Slovenian-American fraternal organization

The American Mutual Life Association (AMLA) is an ethnic fraternal benefit and social organization for Slovene immigrants and their descendants in the United States. Headquartered in Cleveland, Ohio, it serves members primarily in Ohio. It is a member of the American Fraternal Alliance.

== History ==
The Slovenska Dobrodelna Zveza (Slovenian Mutual Benefit Association) was formed in Grdina's Hall on St. Clair Avenue in Cleveland, Ohio, on November 11, 1910. It was created through the merged of several smaller Slovenian-American fraternal organizations, including the St. Barbara Society of Forest City, Pennsylvania. John Gornik was its first president.

Originally, membership in SDZ was open to individuals of Slovenian descent, age 16 to 45, who lived in Ohio, were in good health, and had a good character. The fraternity held its first convention in 1912. In 1913, it had 1,100 members and nine lodges. The association helped Slovenian immigrants settled in the United States. SDZ opened the Slovenian National Home office building at 6120 St. Clair Avenue in Cleveland in 1914.

SDZ started issuing real estate loans in 1914 and life insurance in the 1920s. It formed a department for juvenile members in 1919 and established its first English-speaking lodge in 1920. The juvenile department provided insurance for children under sixteen and operated juvenile lodges that provided educational, recreational, and public speaking opportunities.

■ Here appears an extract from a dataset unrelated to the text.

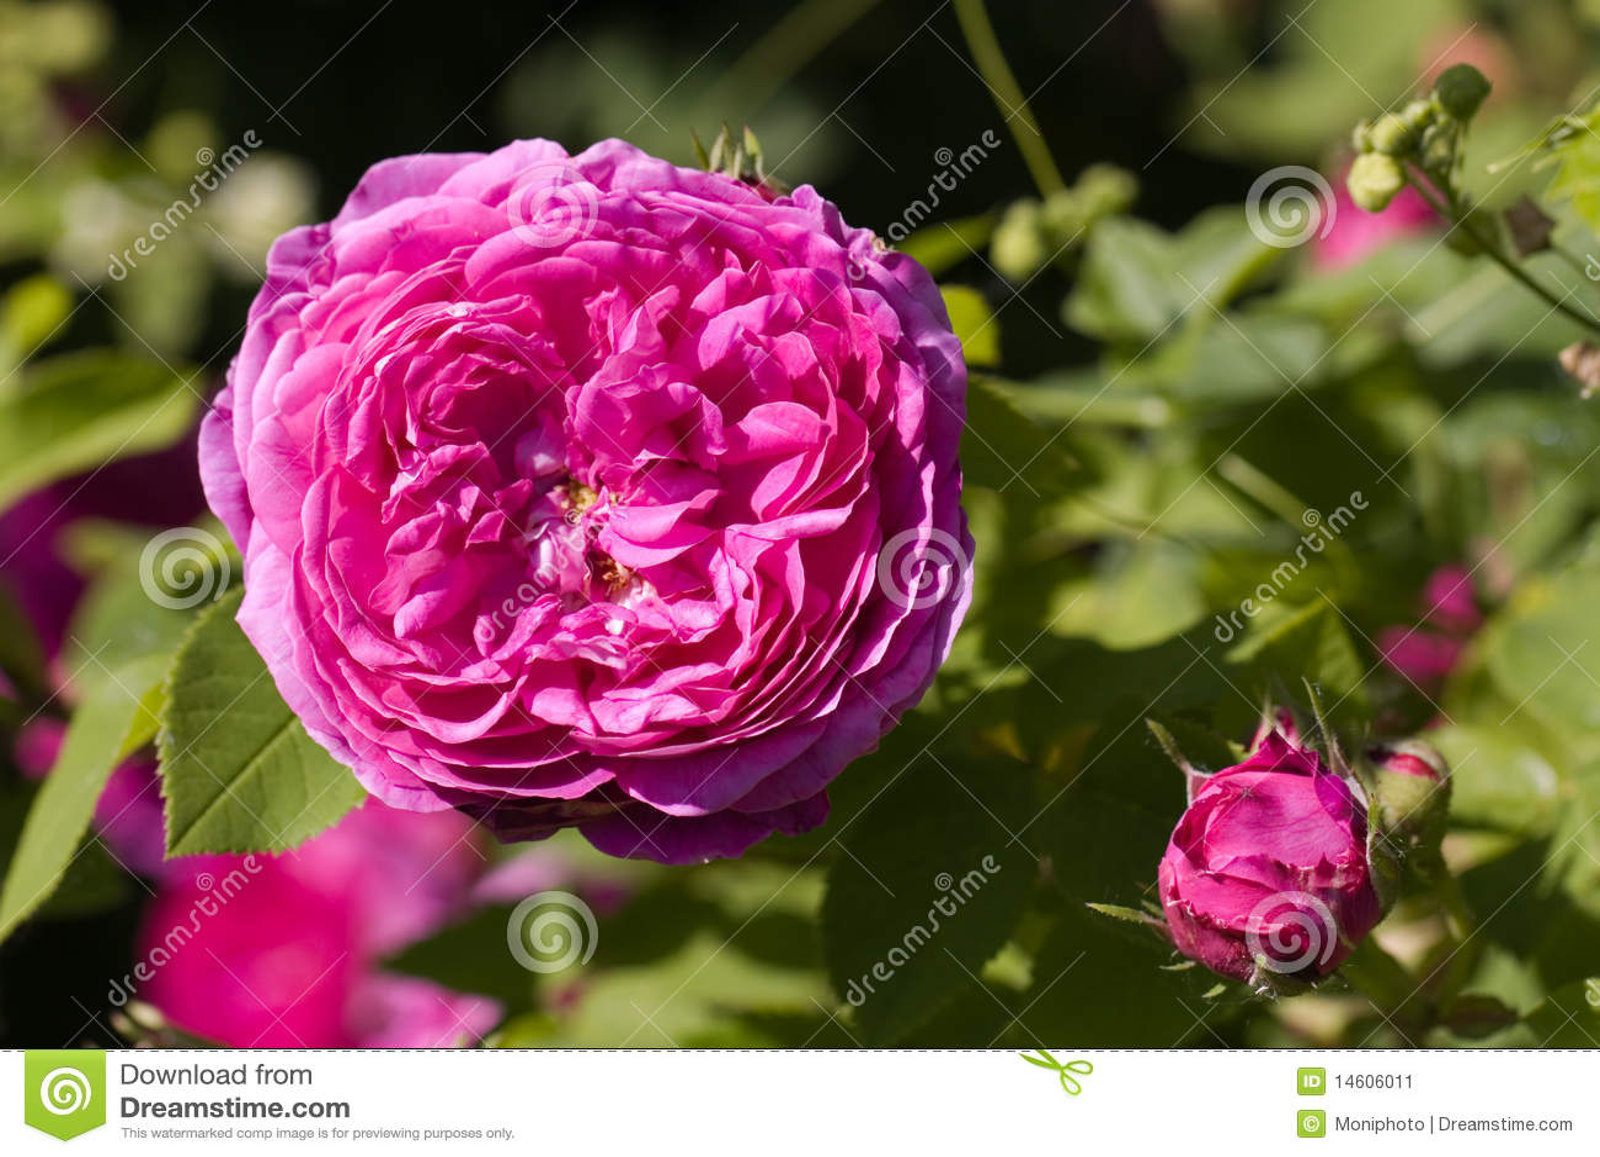 A Rose Perennial Flower Shrub Vine Of Genus Rosa Stock Image
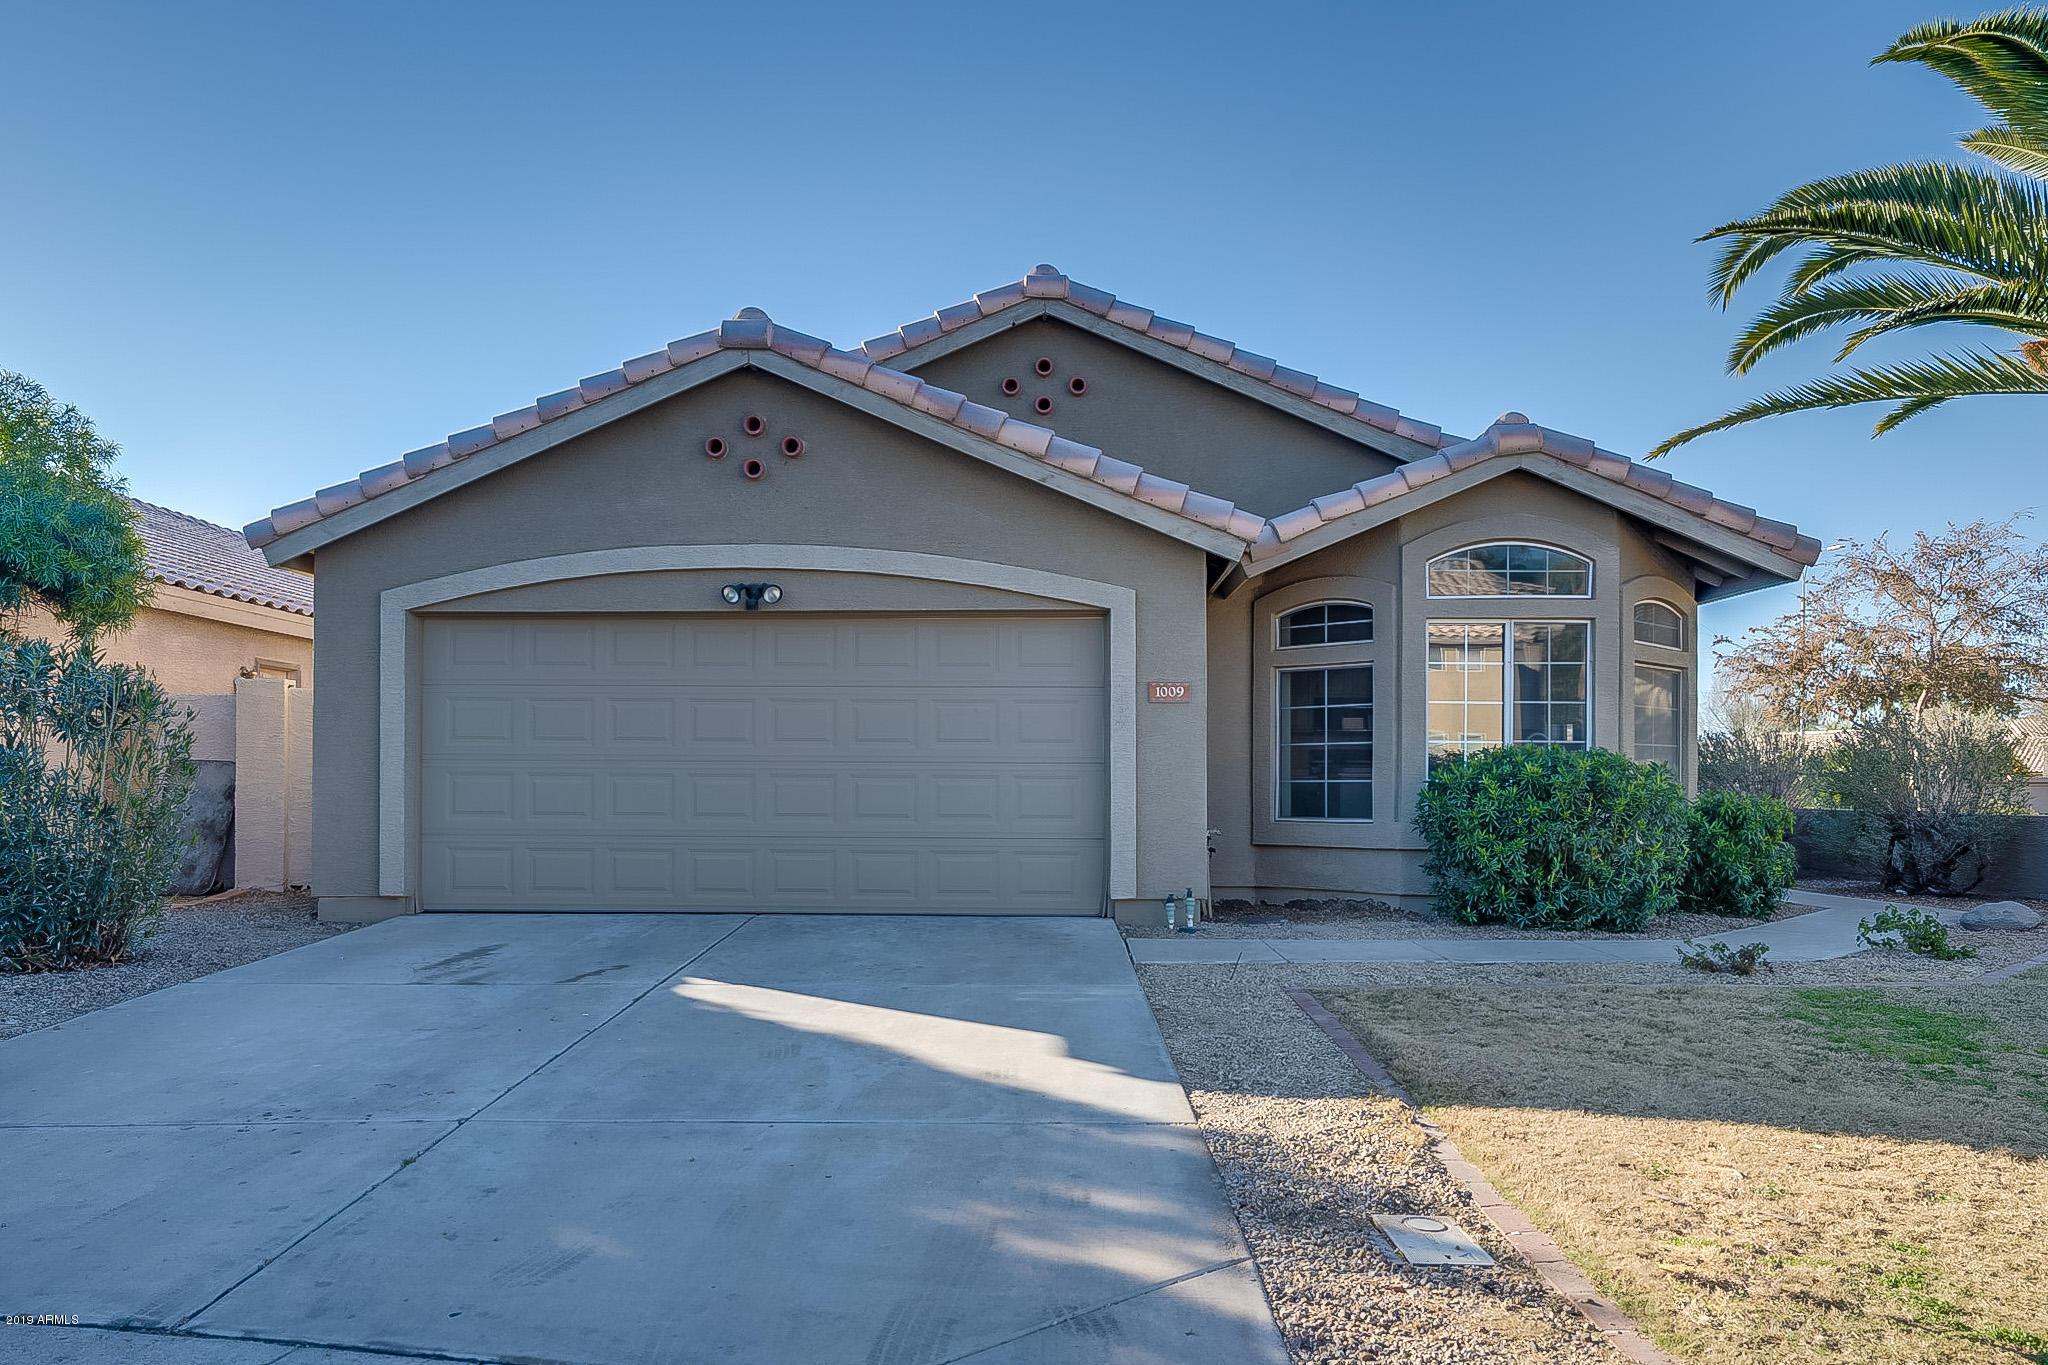 Photo of 1009 N LONGMORE Street, Chandler, AZ 85224

Starting in 1929, the fraternal order organized a supreme athletic league that oversaw basketball leagues, bowling clubs, and an annual sports Olympiad that featured a thirteen-mile run.

SDZ held it triannual statewide convention in Lorain, Ohio in 1925 and in Cleveland in 1931. In the 1930s, it participated in Cleveland's annual Slovenian Day celebration. SDZ first published its newspaper Our Voice (Glas Adz) in 1939 in both English and Slovenia. During World War II, SDZ raised money for the Red Cross. Its received its IRS ruling as a tax-empt 501(c)(8) organization in August 1942. It was a member of the Ohio Fraternal Congress in the 1940s an 1950s.

In the 1960s, SDZ had more than 20,000 members and 65 lodges. It started issuing college scholarships in 1962 and also established a youth chorus in Newburgh, Ohio. It assumed the name American Mutual Life Association (AMLA). In 1969, it opened a 110-acre recreational center in Leroy Township.

AMLA moved its headquarters to 19424 South Waterloo Road in Cleveland in 1981 and remains there as of 2025. It was the largest Slovenian-American organization in Ohio in 1994. The next year, AMLA had $21 million in assets and $23.5 million in insurance. It is a member of the American Fraternal Alliance.

== Activities ==
AMLA is a fraternal benefit society that also helps preserve Slovenian culture. It is licensed to sell life insurance and annuity products in Ohio. In addition to social events for its members, it provides educational scholarships, coordinates charitable activities like food drives, and supports community organizations. It also sponsors the Summer Zabava, a Slovenian cultural event in Cleveland, Ohio.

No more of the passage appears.